# Numerical methods in fluid mechanics

Fluid motion is governed by the Navier–Stokes equations, a set of coupled and nonlinear partial differential equations derived from the basic laws of conservation of mass, momentum and energy. The unknowns are usually the velocity, the pressure and density and temperature. The analytical solution of this equation is impossible hence scientists resort to laboratory experiments in such situations. The answers delivered are, however, usually qualitatively different since dynamical and geometric similitude are difficult to enforce simultaneously between the lab experiment and the prototype. Furthermore, the design and construction of these experiments can be difficult (and costly), particularly for stratified rotating flows. Computational fluid dynamics (CFD) is an additional tool in the arsenal of scientists. In its early days CFD was often controversial, as it involved additional approximation to the governing equations and raised additional (legitimate) issues. Nowadays CFD is an established discipline alongside theoretical and experimental methods. This position is in large part due to the exponential growth of computer power which has allowed us to tackle ever larger and more complex problems.

## Discretization

The central process in CFD is the process of discretization, i.e. the process of taking differential equations with an infinite number of degrees of freedom, and reducing it to a system of finite degrees of freedom. Hence, instead of determining the solution everywhere and for all times, we will be satisfied with its calculation at a finite number of locations and at specified time intervals. The partial differential equations are then reduced to a system of algebraic equations that can be solved on a computer. Errors creep in during the discretization process. The nature and characteristics of the errors must be controlled in order to ensure that:

• we are solving the correct equations (consistency property)
• that the error can be decreased as we increase the number of degrees of freedom (stability and convergence).
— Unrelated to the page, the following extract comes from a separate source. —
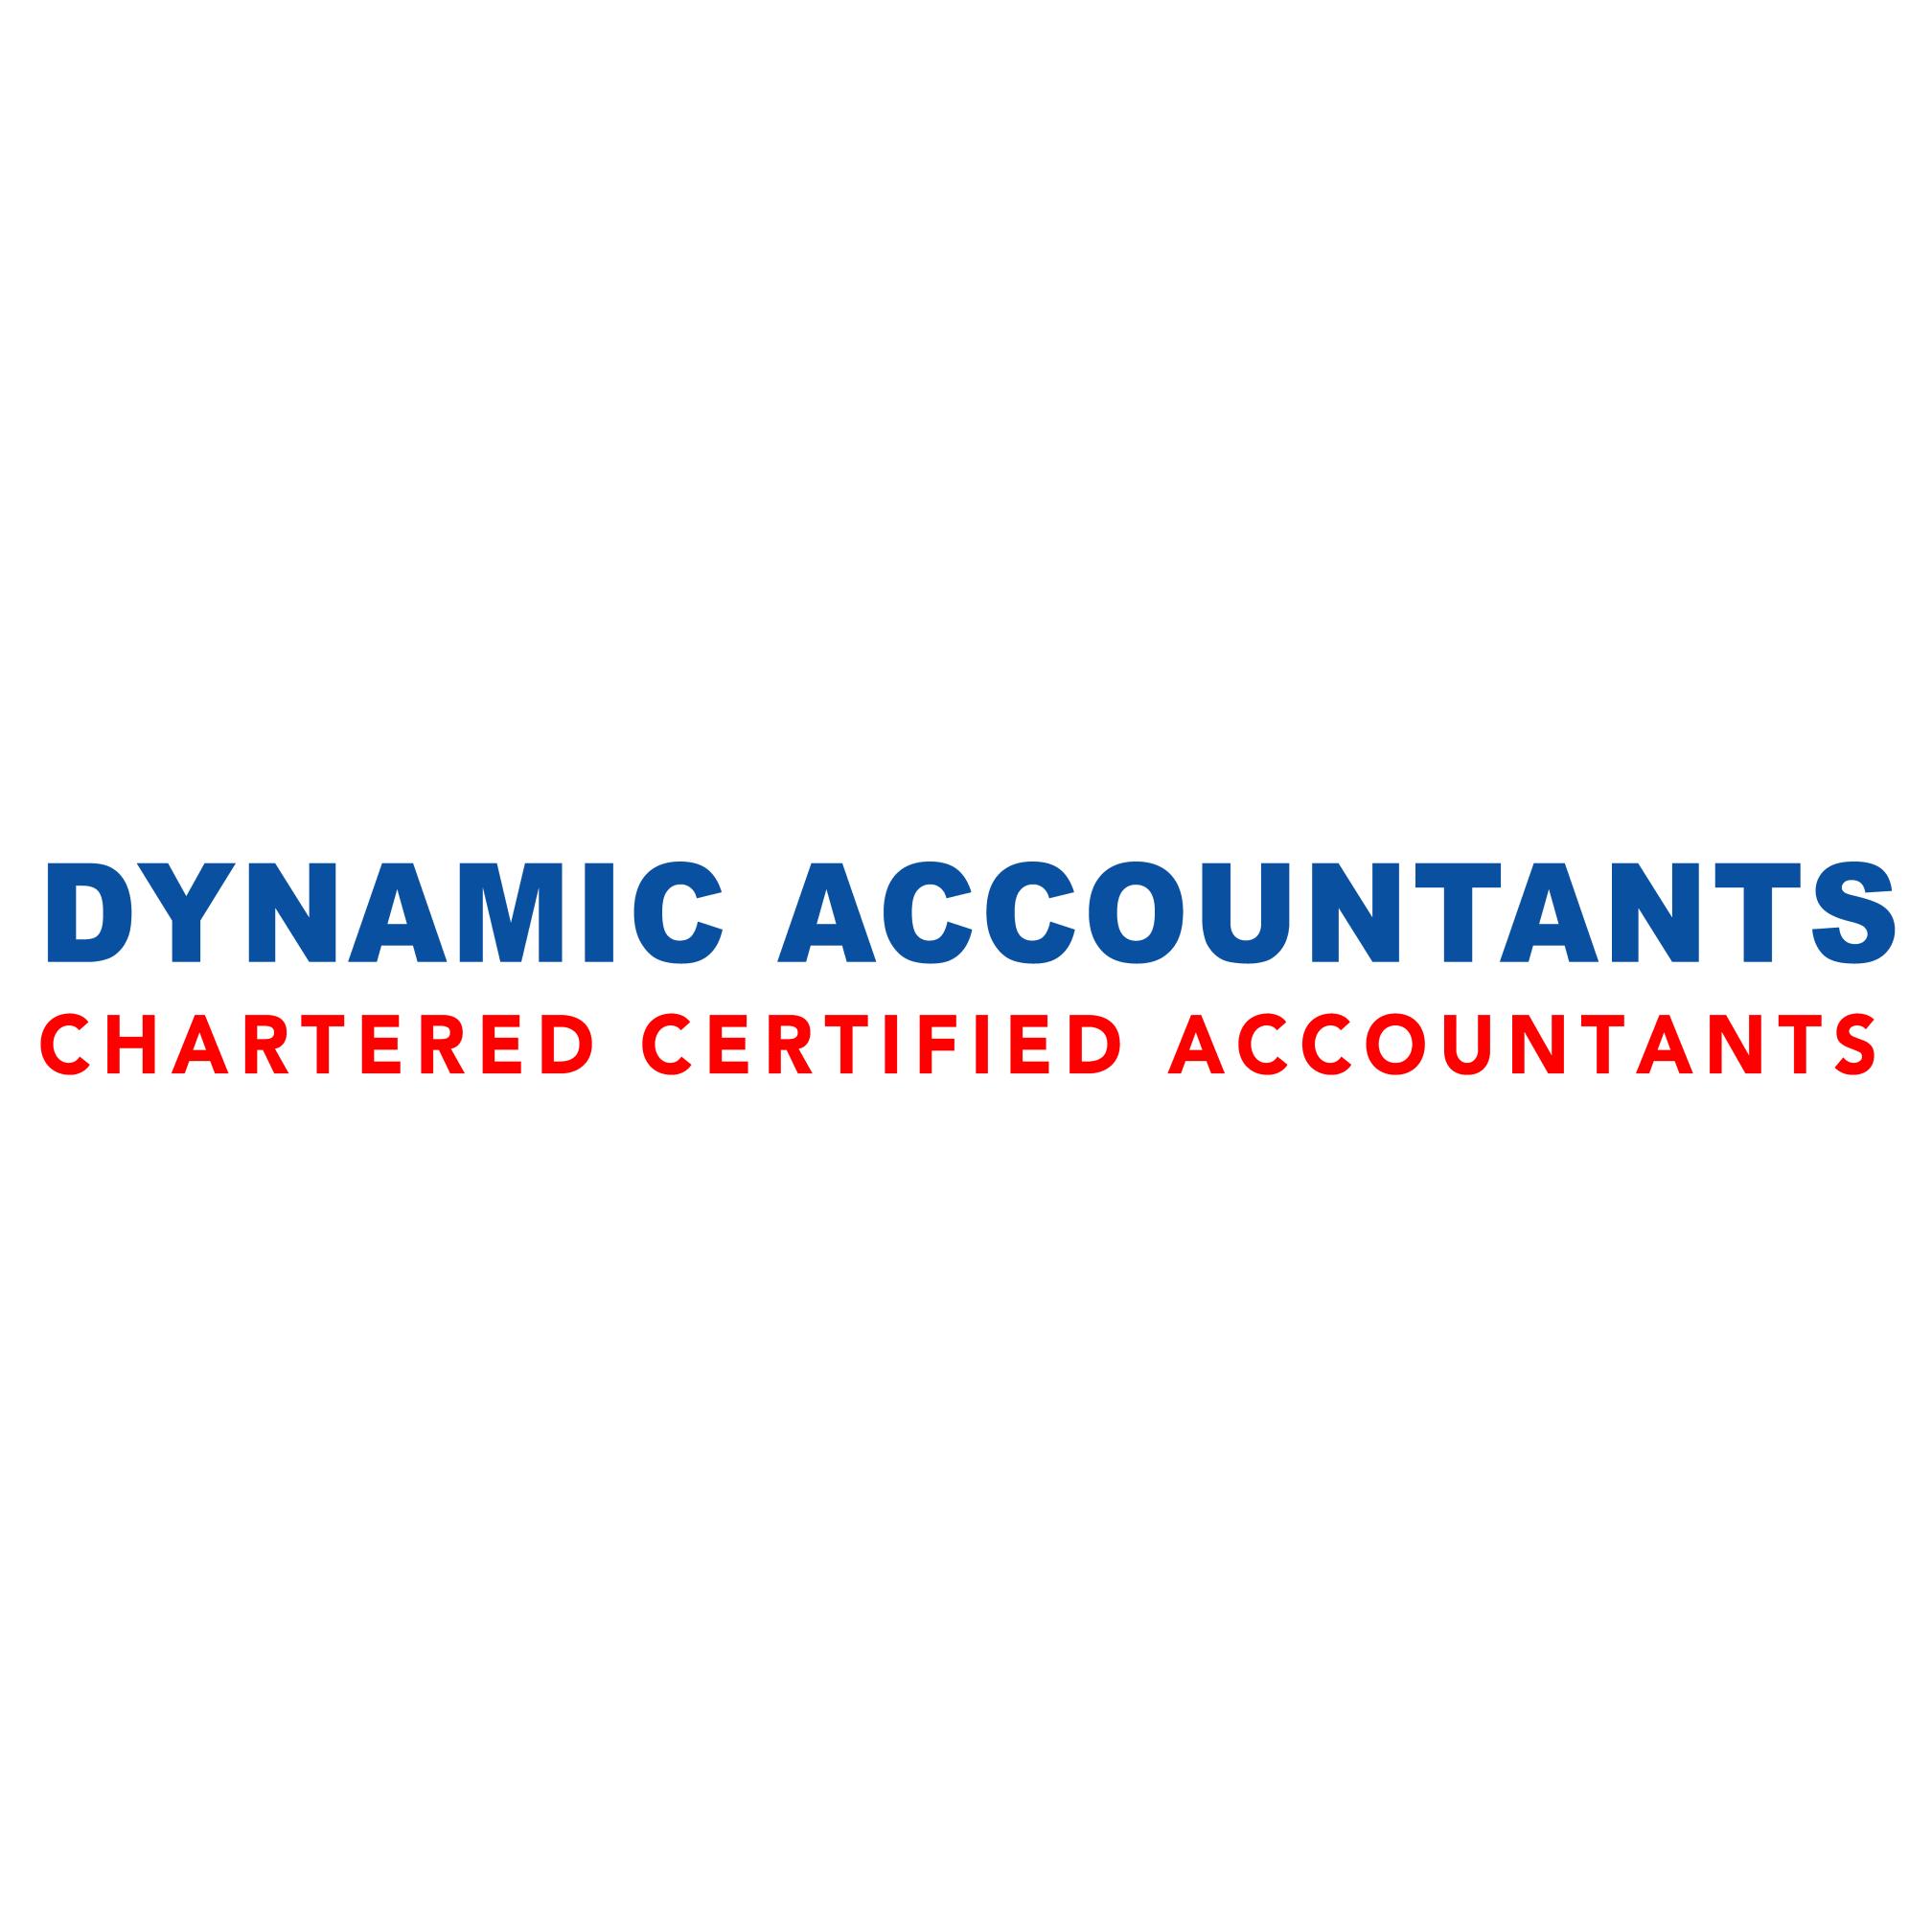 Dynamic Accountants

Once these two criteria are established, the power of computing machines can be leveraged to solve the problem in a numerically reliable fashion. Various discretization schemes have been developed to cope with a variety of issues. The most notable for our purposes are: finite difference methods, finite volume methods, finite element methods, and spectral methods.

## Finite difference method

Finite difference replace the infinitesimal limiting process of derivative calculation:

$\lim_{\Delta x \to 0}f'(n) = \frac {f(x+\Delta x)-f(x)}{\Delta x}$

with a finite limiting process,i.e.

$f'(x) =\frac {f(x+\Delta x) - f(x)}{\Delta x} + O(\Delta x)$

The term O(_x) gives an indication of the magnitude of the error as a function of the mesh spacing. In this instance, the error is halfed if the grid spacing, _x is halved, and we say that this is a first order method. Most FDM used in practice are at least second order accurate except in very special circumstances. Finite Difference method is still the most popular numerical method for solution of PDEs because of their simplicity, efficiency and low computational cost. Their major drawback is in their geometric inflexibility which complicates their applications to general complex domains. These can be alleviated by the use of either mapping techniques and/or masking to fit the computational mesh to the computational domain.

## Finite element method

The finite element method was designed to deal with problem with complicated computational regions. The PDE is first recast into a variational form which essentially forces the mean error to be small everywhere. The discretization step proceeds by dividing the computational domain into elements of triangular or rectangular shape. The solution within each element is interpolated with a polynomial of usually low order. Again, the unknowns are the solution at the collocation points. The CFD community adopted the FEM in the 1980s when reliable methods for dealing with advection dominated problems were devised.

## Spectral method

Both finite element and finite difference methods are low order methods, usually of 2nd − 4th order, and have local approximation property. By local we mean that a particular collocation point is affected by a limited number of points around it. In contrast, spectral method have global approximation property. The interpolation functions, either polynomials or trigonomic functions are global in nature. Their main benefits is in the rate of convergence which depends on the smoothness of the solution (i.e. how many continuous derivatives does it admit). For infinitely smooth solution, the error decreases exponentially, i.e. faster than algebraic. Spectral methods are mostly used in the computations of homogeneous turbulence, and require relatively simple geometries. Atmospheric model have also adopted spectral methods because of their convergence properties and the regular spherical shape of their computational domain.

## Finite volume method

Finite volume methods are primarily used in aerodynamics applications where strong shocks and discontinuities in the solution occur. Finite volume method solves an integral form of the governing equations so that local continuity property do not have to hold.

## Computational cost

The CPU time to solve the system of equations differs substantially from method to method. Finite differences are usually the cheapest on a per grid point basis followed by the finite element method and spectral method. However, a per grid point basis comparison is a little like comparing apple and oranges. Spectral methods deliver more accuracy on a per grid point basis than either FEM or FDM. The comparison is more meaningful if the question is recast as ”what is the computational cost to achieve a given error tolerance?”. The problem becomes one of defining the error measure which is a complicated task in general situations.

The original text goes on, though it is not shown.